Okay, this isn't ment to be serious, it's just a fun "fantasy" thread. Weather it isn't in your budget, or a family member doen't want another dog, list the dog(s) you'd like to adopt!

I'd be thrilled if I could adopt this little girl. The only thing is she's in Florida, thousands of miles away  ... She sure is a sweetie though. 

http://www.greyhoundpetsorlando.org/ARCHIVE/KS Nugget.jpg

EDIT: awww! Looks like my sweetie's been adopted. Good for her, she deserves a good home. Young fawns always go quickly...


----------



## Curbside Prophet

This is a tough one for me because I've handled so many wonderful dogs at the shelter. If I had a dollar for every dog I've asked _why are you here? _I'd be a wealthy man.

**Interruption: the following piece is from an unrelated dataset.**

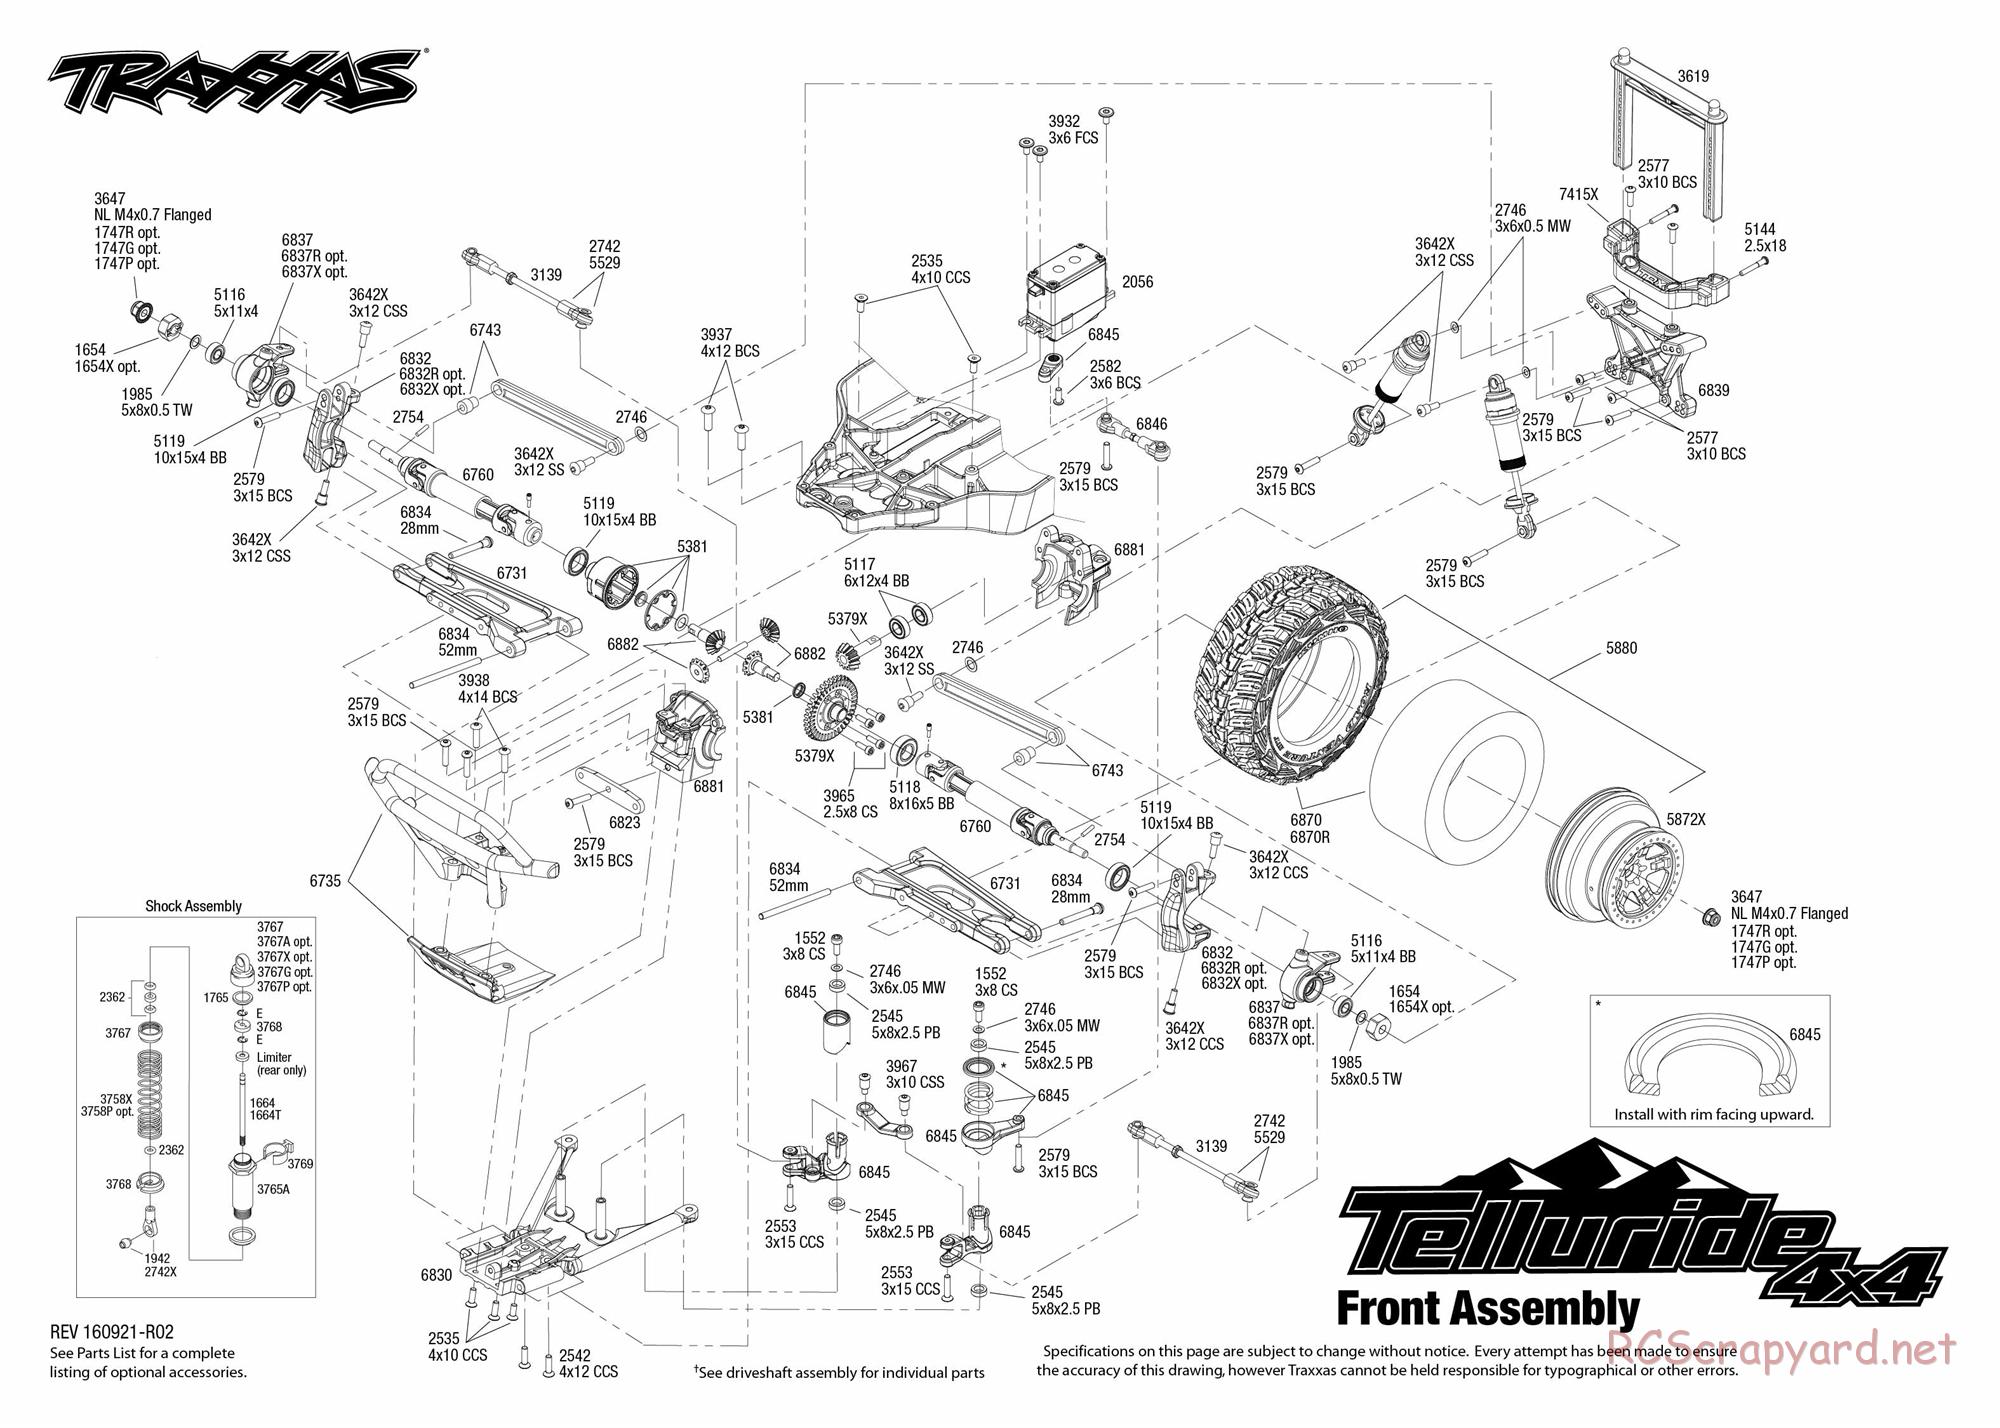 Traxxas - Telluride 4x4 (2015) - Exploded Views - Page 3

I would imagine my next dog will have "issues", will probably have been sitting a shelter for a long time, and will probably have been in and out of many homes. What kind of dog it is, it's age, or what it will look like is irrelevant to me at this point...but I've always got my eye out to the rescue Elsa came from. All I need is a bigger home to make it happen.


----------



## Tess&Coco

<Sigh> It's probably not good for my soul to look at the rehoming pages of Dogs Trust (national charity in the UK). But I do.. and I tend to focus on the "sticky" dogs which have been in the kennels a long time.

Today's favourites

http://www.dogstrust.org.uk/rehoming/our_dogs/dog/?dog=111788&index=85&rehomingcentreid=0&pn=5

http://www.dogstrust.org.uk/rehoming/our_dogs/dog/?dog=111720&index=137&rehomingcentreid=0&pn=7

http://www.dogstrust.org.uk/rehoming/our_dogs/dog/?dog=111248&index=257&rehomingcentreid=0&pn=13


----------



## iwantmypup

oh wow this is tough.. but I know since I cannnot.. cannnot look at petfinder or anything I would... Well when I am rich , I will have a huge.. A HUGE place of land and I will go to 3 shelters and adopt all of the dogs.. I there will be a lake and I can have the dogs run free , with safety of course.. there will be a huge fence surrounding my place. and I will be an amazing chef so I can cook for them.. and I will be an awesome trainer so I can train them..and I... umm.....OH and depending were I live it will be different.. like if I live in a cold area and get alot of short haired dogs I can knit them sweaters.. and if I get alot of long haired dogs.. in a warm place I will get them cooling packs and I will have alot of shade..and alll will be spayed and neutured.. and I will get all kinds of dogs! Little chihuahuas.. too big great danes!And if there is a dog that needs help with training and can help them.. and I will be a vet so that willl be great.. 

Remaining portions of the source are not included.